The first version rendered domain forms — client, quote, job — directly in the chat feed. The LLM would emit "form cards" that the user could fill in, save, and watch the agent populate field-by-field. It demoed beautifully. In production it produced empty cards, half-filled cards, cards that disagreed with the real side panel a click away, and a steady drip of "why didn't it just open the form?" tickets.

The realization, when it came, was uncomfortable: I had built two clients for the same backend. The chat had its own form components, its own validation, its own optimistic state, its own "save" buttons — none of which the side panel, list views, or mobile app had ever heard of. Every domain change now meant two implementations. The agent wasn't extending the app; it was forking it.

This article is what I did about that, and what I'd tell another team about to make the same trade. It's aimed at founders and CTOs deciding whether to build an in-house agent on top of a CRM or buy one — because the answer isn't "build" or "buy," it's "understand what you're actually committing to before you start."

The short version of that commitment: an LLM agent inside a CRM is not primarily an LLM project. It's a streaming UI protocol, a state-coordination problem between agent and app, a prompt-curation discipline, and a long argument with yourself about where the chat panel's responsibility ends. The model is the easy part.

2. The Problem I Wanted to Solve

The problem wasn't "I need an AI feature." It was "my users spend more time clicking through the CRM than talking to their customer."

One quote from a shop owner during a feedback call kept getting repeated internally:

"I spend more time clicking through the CRM than talking to the customer."

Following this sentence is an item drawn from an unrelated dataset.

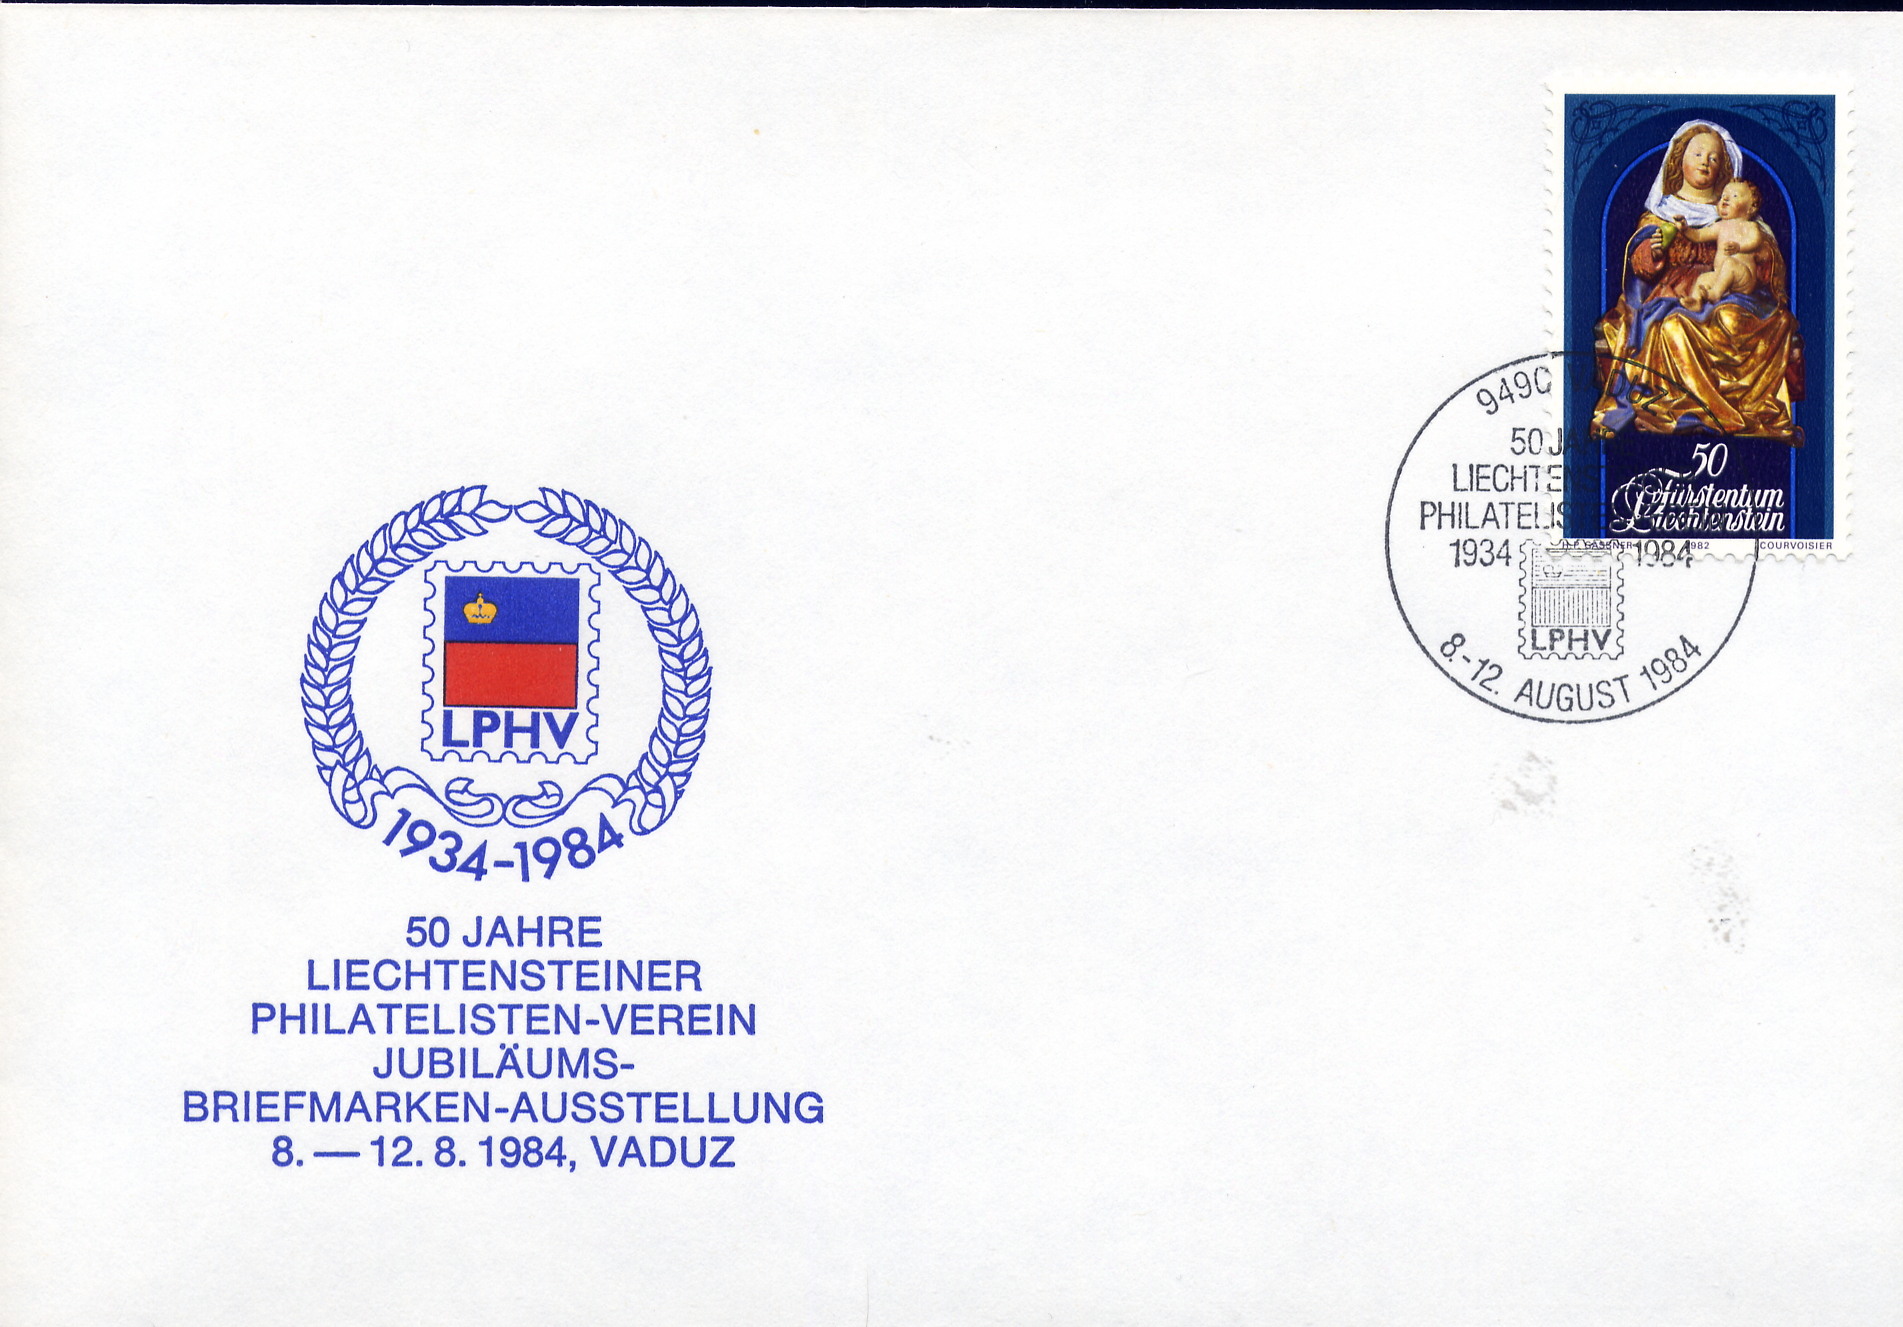 https://swiss-stamps.org/wp-content/uploads/2023/12/1984-8-50.-LPHV-3.jpg
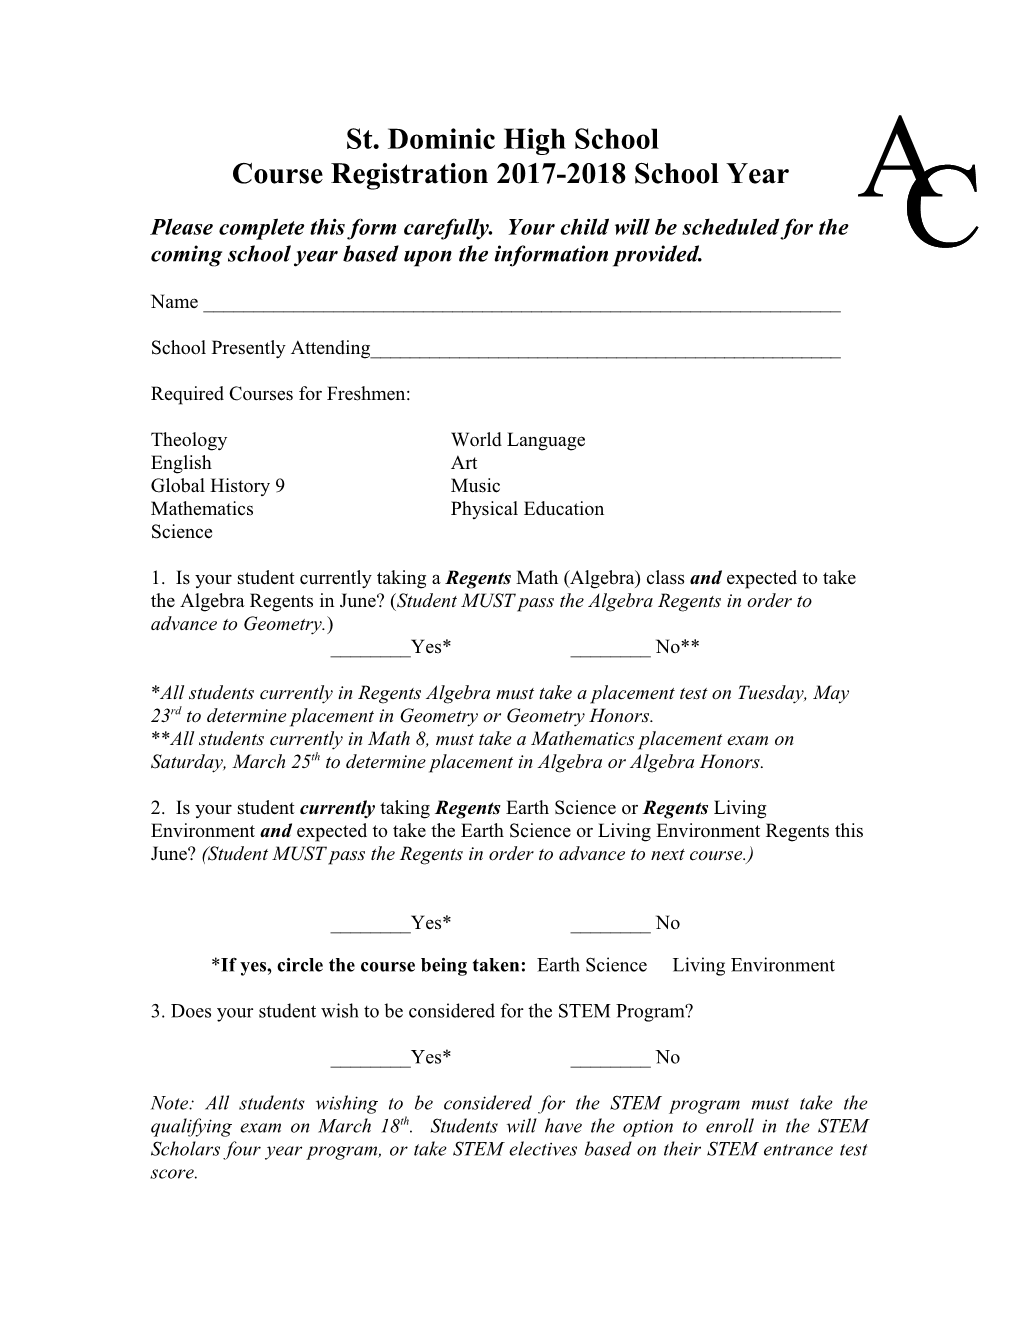 Course Registration 2017-2018 School Year

That sentence sat behind every decision I made.

Who is doing the clicking

The primary users are shop owners and front-desk staff at car-detailing and window-tinting businesses. In a small shop the owner is often the one answering the phone between bays — wet hands, phone wedged in the shoulder, walking to a desk to look something up. Larger shops have dedicated front-desk staff, but the pattern is the same: the user is always doing something else at the same time as using the CRM.

Most of the work happens on a phone. Managers occasionally retreat to a desktop for schedule review and reporting, but the live customer call — the moment the agent had to win — is a thumb on a phone screen.

The functional constraint that fell out of this: if the AI cost the user more than a few seconds, or required them to think about a new mental model, they would abandon it and go back to clicks. The bar wasn't "does it work." The bar was "does it work faster than the existing UI you already know."

The workflow I was trying to compress

A typical new customer call, pre-agent, looked something like this:

Customer calls. Staff asks the same qualifying questions every time: vehicle, service, package, timing, contact info.
Staff opens the customer lookup screen. Searches. Doesn't find them. Switches to the quote builder.
Builds the line items. Switches to the calendar to find a slot. Switches back.
Creates the customer record. Saves the quote. Books the appointment. Goes back to send a confirmation.

Realistically: 15–30 clicks, four to six screen transitions, and a running conversation the user is trying not to drop. Quote complexity made it worse — every custom request meant more navigation, more pricing lookups, more typing.

The agent's job was not "answer questions." It was to act as an operational copilot — extract the structured fields out of the customer's words, pre-fill the quote, suggest a slot, draft the SMS — so the human stayed in the conversation and the CRM stayed out of the way.

Business goal, stated honestly

The primary goal was reducing time-to-quote during a live call. That was the metric every product decision was eventually tested against.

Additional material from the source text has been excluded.